** Opening Input data block **
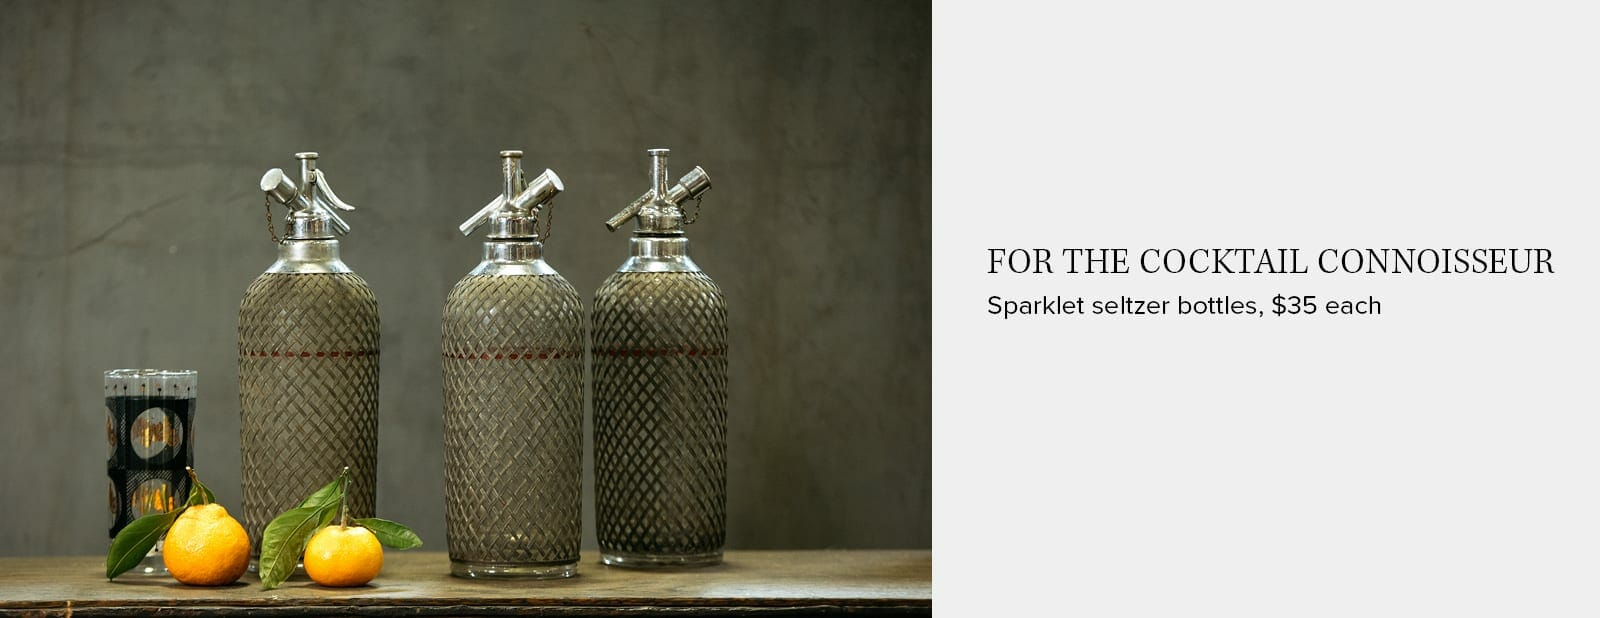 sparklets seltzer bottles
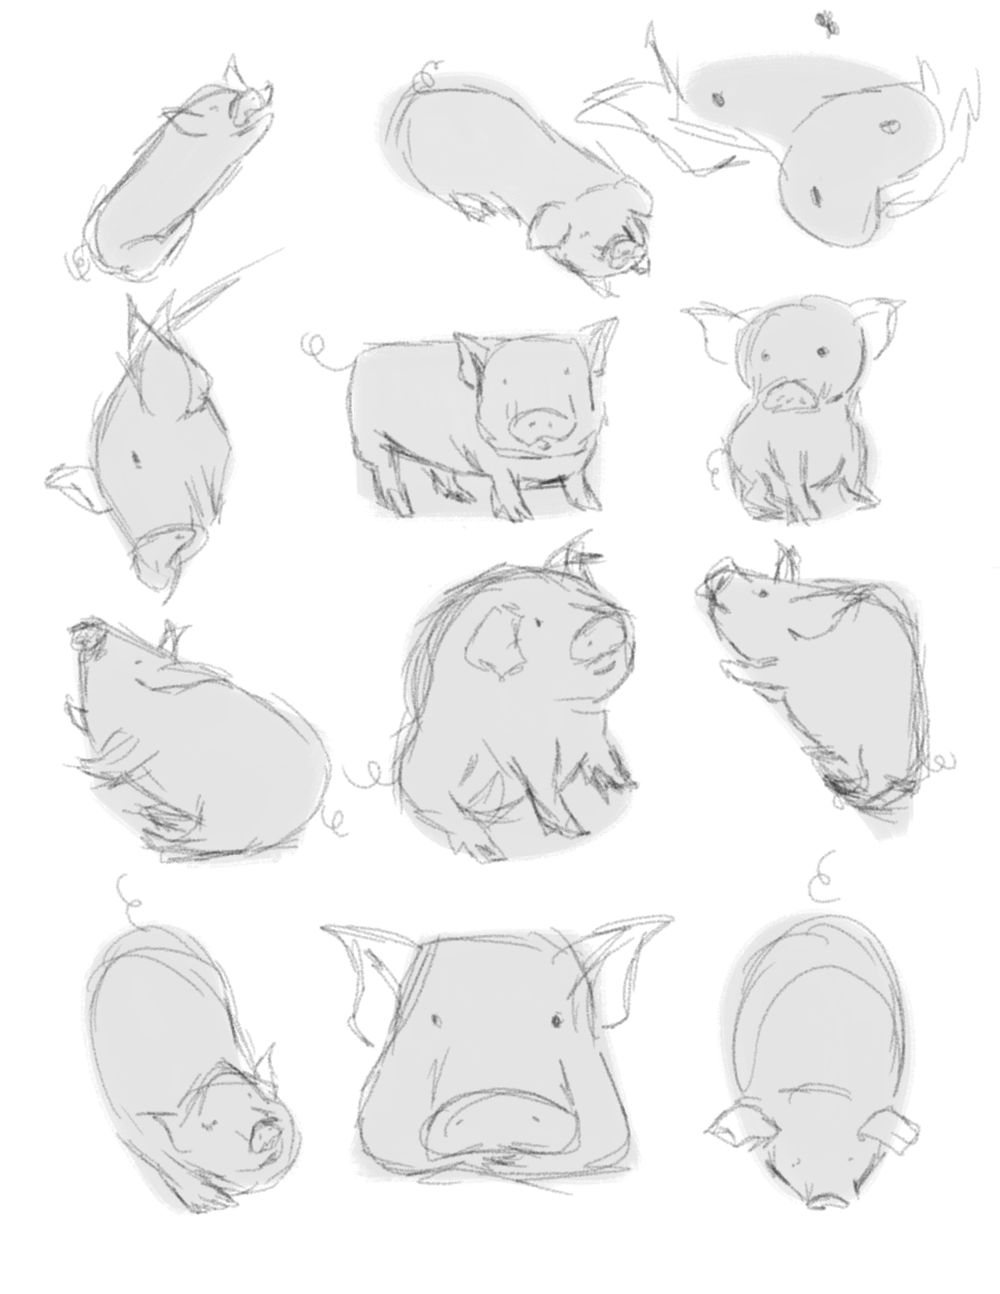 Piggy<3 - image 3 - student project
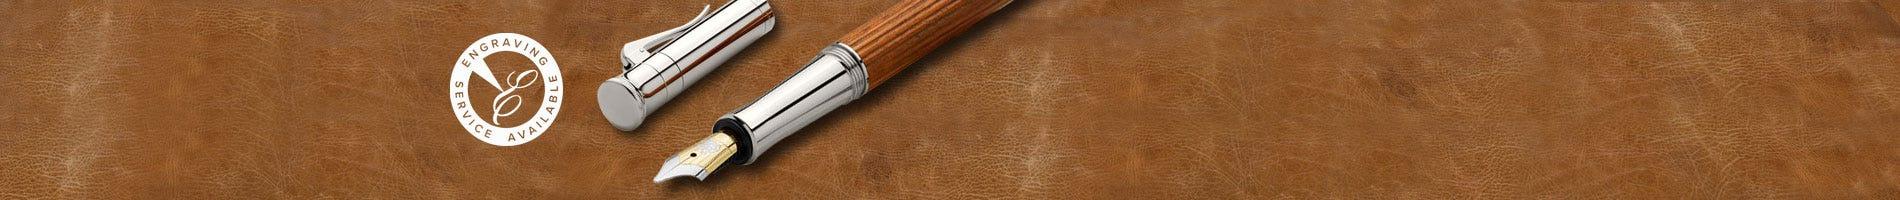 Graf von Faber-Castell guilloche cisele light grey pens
** Closing Input data block **
** Required work **
Output the listing above exactly as it stands; no picture should appear.

** Response to the exercise **
 sparklets seltzer bottles
 Piggy<3 - image 3 - student project
 Graf von Faber-Castell guilloche cisele light grey pens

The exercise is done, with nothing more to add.